Otago Central Lakes secures a $180 million health boost as Lakes District Hospital prepares for an emergency department expansion
The Government has announced a $180 million package to expand publicly funded healthcare across the Otago Central Lakes, in a move local advocates say is long overdue but will need to translate into real services if it is to ease one of the country’s worst regional health gaps.
Health Minister Simeon Brown made the announcement in Queenstown on Wednesday, alongside Waitaki MP Miles Anderson and Southland MP Joseph Mooney. The package combines $128 million in operating funding spread over four years from July 2027 and $52 million in capital spending, with Health New Zealand’s board agreeing in principle to the direction of travel.
The funding will widen primary care, diagnostic services, maternity and obstetric and gynaecology care, outpatient clinics and mental health and addiction support across the Queenstown, Wānaka and Cromwell catchment. Work to expand the emergency department at Lakes District Hospital is set to begin within six to eight months.
“Every patient who can be treated here locally in this community is one fewer patient having to drive hours to Dunedin or Invercargill,” Brown said, framing the spend as a way to reduce the long, often gruelling trips that residents and visitors have had to make for routine and acute care. “This hospital does an amazing job,” he added. “There is a need for more space.”
The pressure on Lakes District Hospital is now well documented. The site has just 12 inpatient beds and 10 emergency department beds, yet it handles between 18,000 and 20,000 emergency presentations a year, with demand growing seven to eight percent annually as the resident population swells and tourism numbers continue to climb. The footprint was set when the district was a much smaller holiday region. It is now one of the fastest growing parts of the country, with permanent residents sharing the hospital with hundreds of thousands of seasonal visitors at peak times.
Maternity has been the most pointed gap. Nearly half of all planned births in the catchment, excluding urgent transfers, currently take place outside the region, meaning many local women travel to Dunedin or Invercargill to give birth. Brown said Health New Zealand’s board had agreed to the direction of travel for a new local maternity model, with services to be designed alongside midwives, obstetricians, GPs and other frontline clinicians.
“This is about making incremental improvements to increase the number of services delivered here,” he said, adding that the Government’s clear preference is public delivery. “I want to see increased access to publicly funded services in this community.”

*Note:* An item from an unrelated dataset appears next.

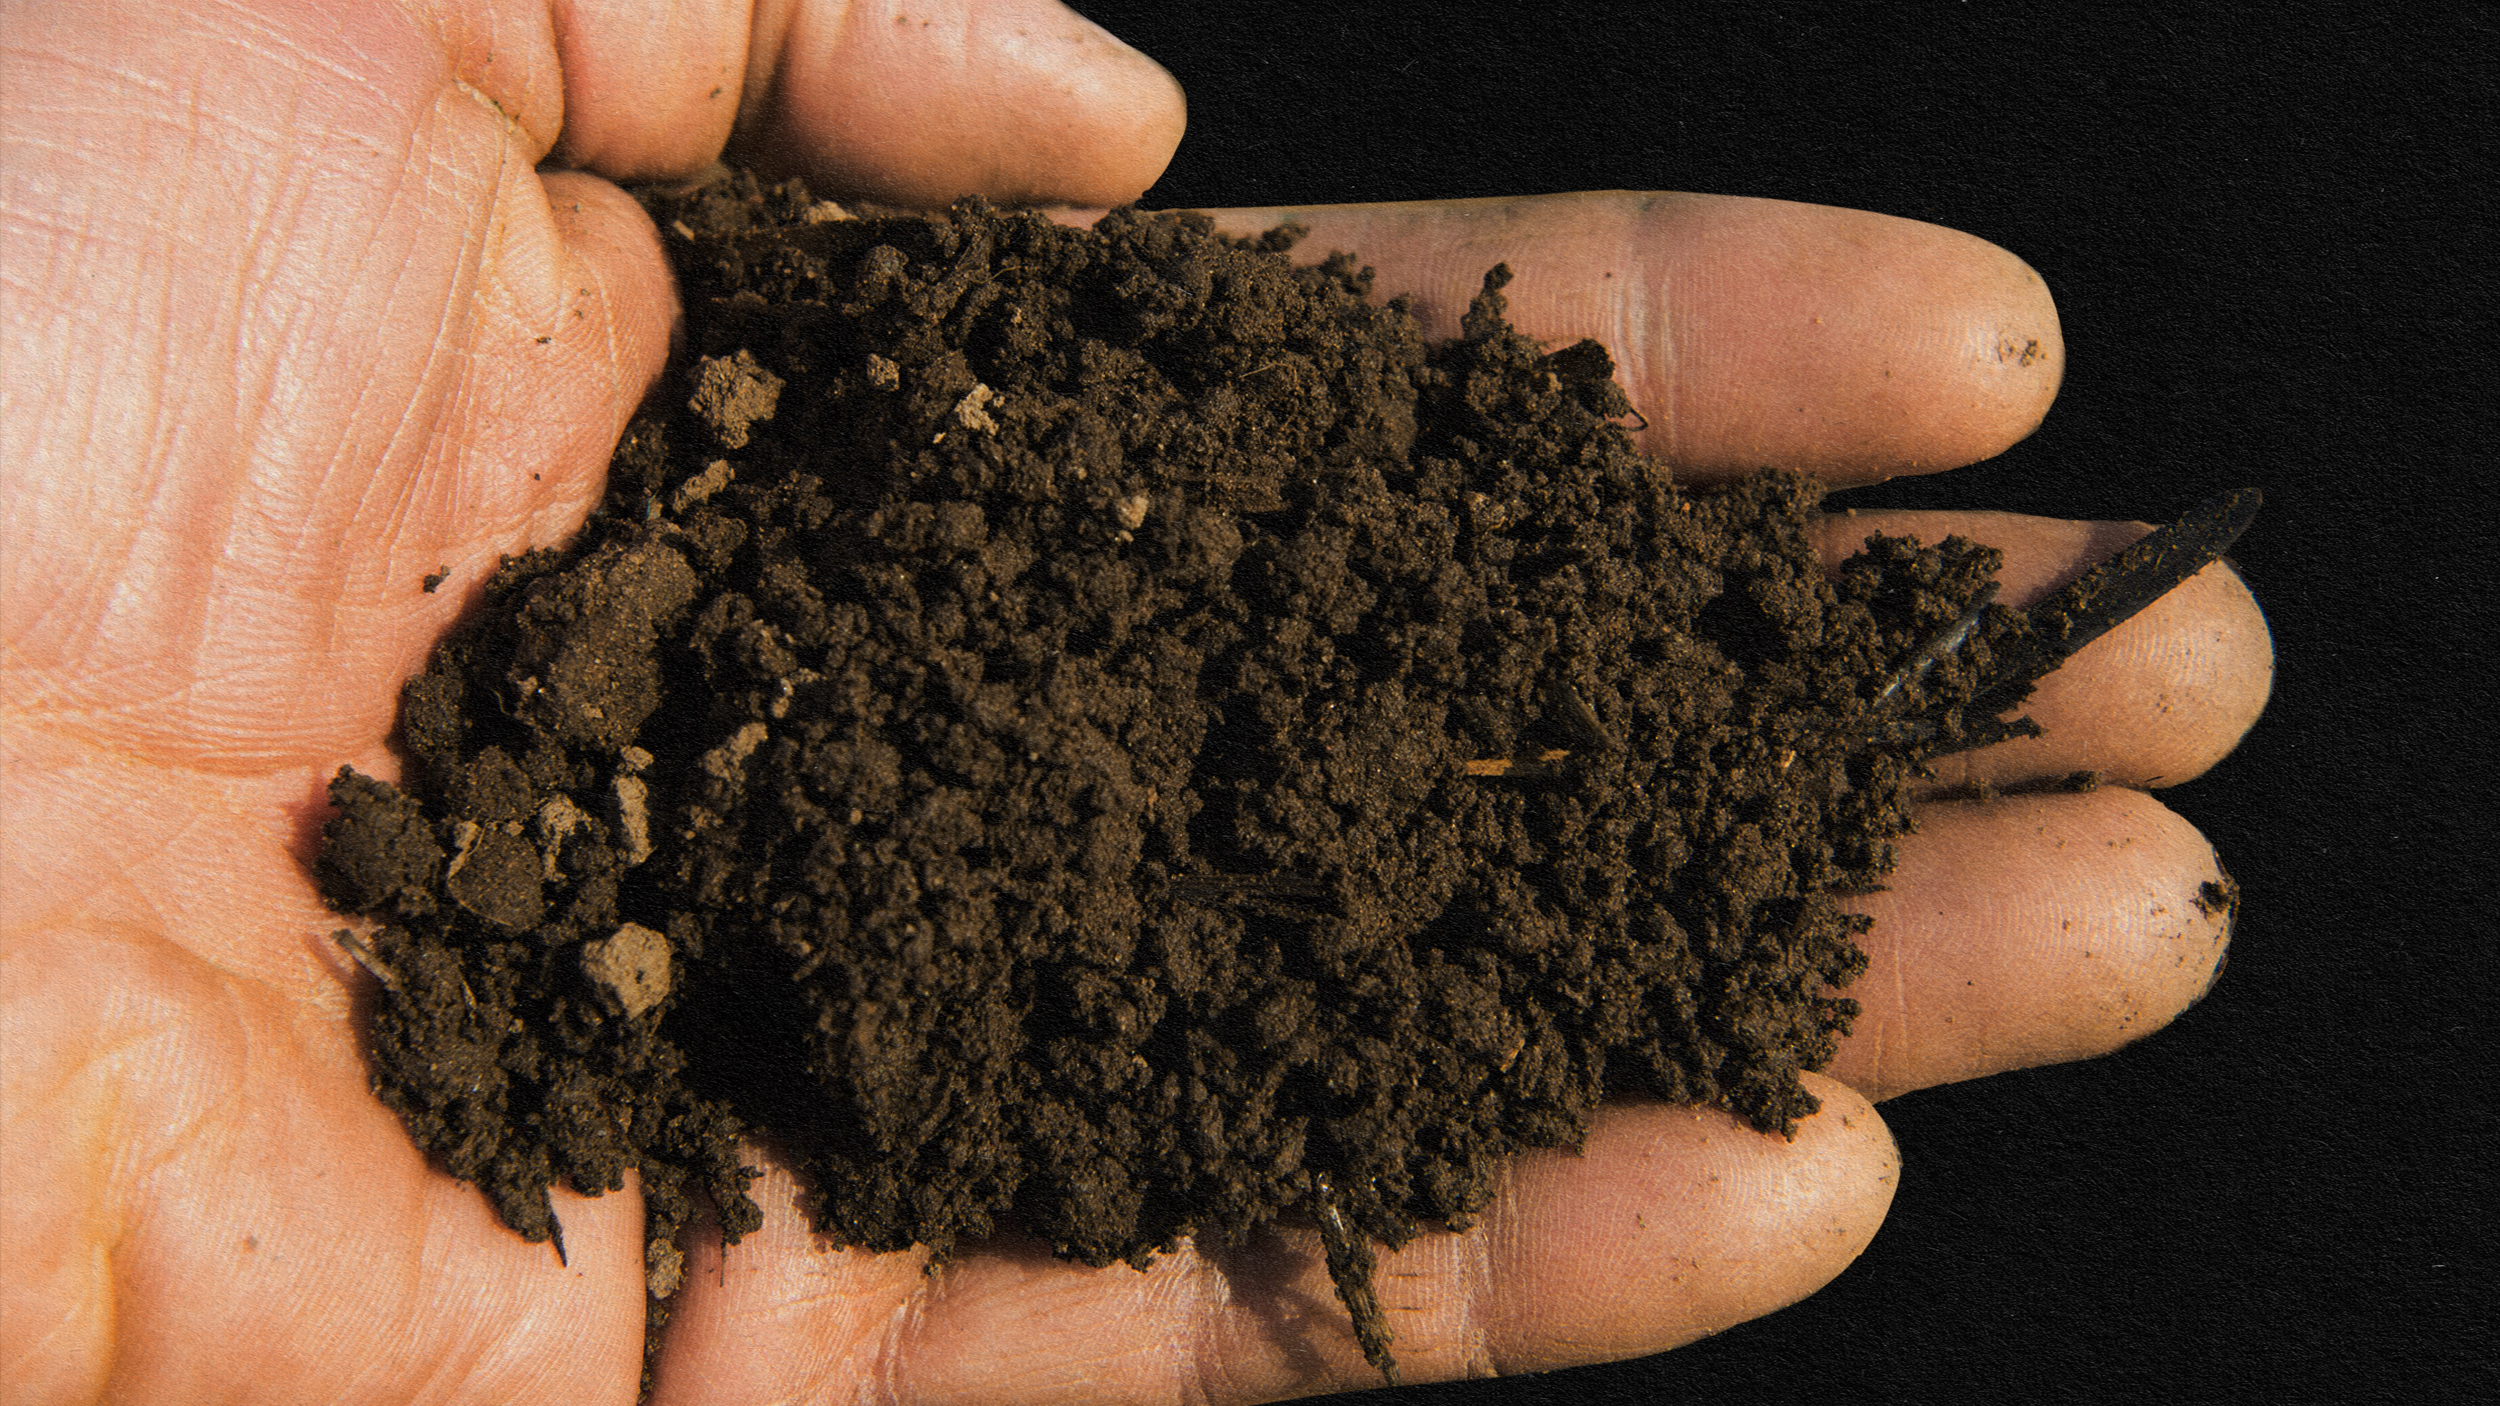 Eating Dirt Health Benefits - Study on Geophagy

That last point matters in a region where private medicine has been moving in to fill the void. A $300 million privately financed surgical hospital was approved for Wānaka last year, and the Southern Lakes Health Trust has separately pushed for a fully new hospital under a privately financed, publicly run model. Brown’s announcement signals that the Government is choosing to lift public services within the existing footprint rather than commit to a new build under a public-private partnership.
Some of the smaller changes are already in train. Free blood tests are now available, x-ray and ultrasound access has been broadened, and telehealth psychiatry has been rolled out for patients who would previously have faced a trip to Dunedin to see a specialist. Those services are intended to bridge the wait until the larger upgrades begin.

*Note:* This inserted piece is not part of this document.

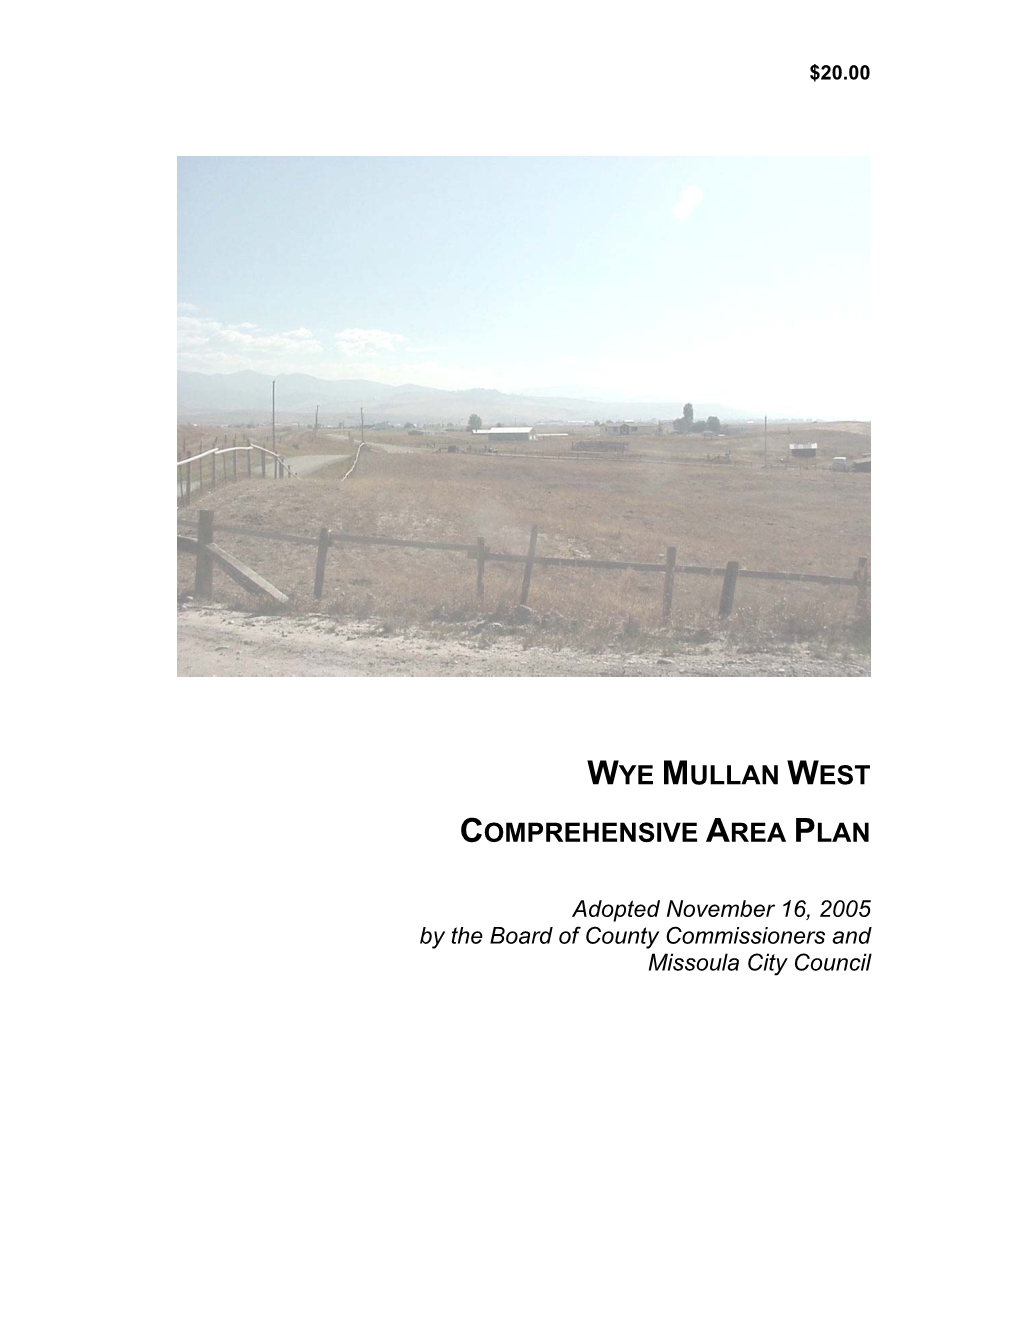 Wye Mullan West Comprehensive Area Plan Preface

The community group Health Action Wānaka, which spent the last year drawing political attention to the gap between local services and those available in larger centres, said the announcement was welcome. Chair Monique Mayze said advocacy had clearly “been heard by the government”, but warned that delivery is what counts.
Mayze said there had been “many statements of intent and planning” over the years and that the group wanted to “see results”. The top priority for Wānaka, she said, is free, 24/7 urgent care in the town, with no patient charges no matter where someone presents. She described the plan as “catching up and getting us to a level playing field and addressing inequity”, but said future infrastructure decisions would still be needed given the scale of population growth across the district.
That growth has been one of the defining stories of the last decade in Central Otago. Queenstown and Wānaka have consistently topped the country’s population growth tables, and in the high-tourism months emergency department presentations spike on the back of skiing injuries, hiking accidents and, increasingly, mental health and addiction needs that local services have been stretched to meet.
The announcement steers clear of the politically harder question of whether a new hospital will eventually be needed. The current site sits on a constrained piece of land, and several local advocates have argued that incremental upgrades will eventually run out of room. Brown’s package buys several years of breathing space and lays down the public sector’s stake in primary, maternity and acute care, but does not foreclose a longer term rebuild.
For now, the focus is on getting more beds and consult rooms inside Lakes District Hospital and getting more services out into the community before the winter peaks of 2027 and 2028. Local clinicians, who have spoken out repeatedly about overcrowding and the maternity travel burden, will be part of the design phase for each strand of the package.